Again, I don't particularly care about whether this is allowed to exist, I'm just here to laugh at the mindset that lead to it being created. But sure, I can see this being used in harmful ways.

> It seems the project was about analyzing books, not about producing new books. How is that hurting the authors?

"Vivid books are really in this year, we're gonna have to ask that you aim for a Vividness(tm) of 85 or above."

"US books have 15% more adjectives, clearly this is proof of our superior detail-oriented work ethic!"

"What does the rise in Emotion(tm) have to say about the decline of society?"

So if I understand you correctly, you're saying that we should not create "metrics" for anything because said metrics could be misused by clueless people?
The analysis is cool. The problematic thing is what would have happened next, if this tool turned out to be any good.

Publishers rejecting manuscripts because "this years trend shows customers are looking for vividness in the 70+ percentile, your book is only at 55". Everything becoming the same style. If you thought Hemingway, Joyce or Nabokov had it bad with rejections, there'd be zero chance for actual innovative writing to break through the walls of The Algorithm.

Joyce should have had more rejections, but that’s just my personal opinion
> Not everything can be meaningfully quantified.

Sure, but written words _can_ be meaningfully quantified. We have been doing that for thousands of years. Starting with numerology and other mystical/religious beliefs, poem metrics, stylometry, crypto analysis, stroke counting, to name a few.

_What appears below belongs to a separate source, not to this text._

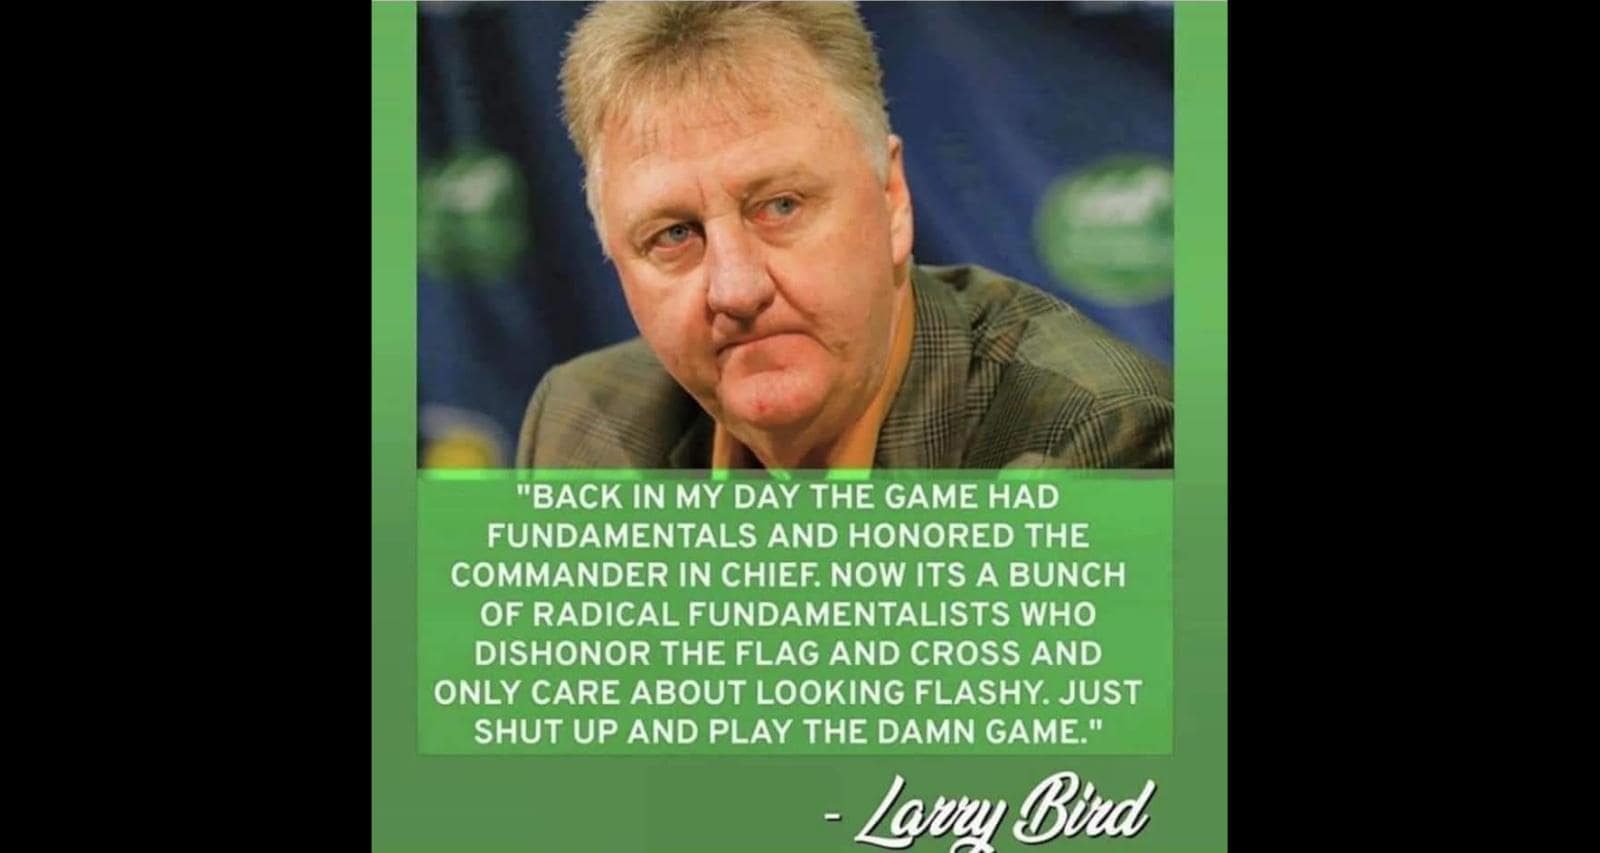 Fact Check Did Larry Bird Make an Anti-NBA Protest Comment

> Not everything needs to be.

Why not?

> Honestly, this is the really offensive part of the article.

I would argue that "Offensive" is either hyperbolic or you've used the wrong word.

> the idea that it's, in any way, shape, or form, useful is bafflingly laughable.

I don't know if it's useful because I never tried it. I might harbour my doubts but I'd like to find out. This is how I approach new things.

If you don't find it useful, don't use it. But why get outraged about something that others find useful? It's clearly a tool that other writers were positive and excited about. Why not let them have it? If you don't find those quantifications meaningful, so be it. You don't need to use it. Why force your opinion on others?
Simple. Just allow an opt-out for Authors or Publishers. Then only interested parties will comprise of and make use of the service, like you want.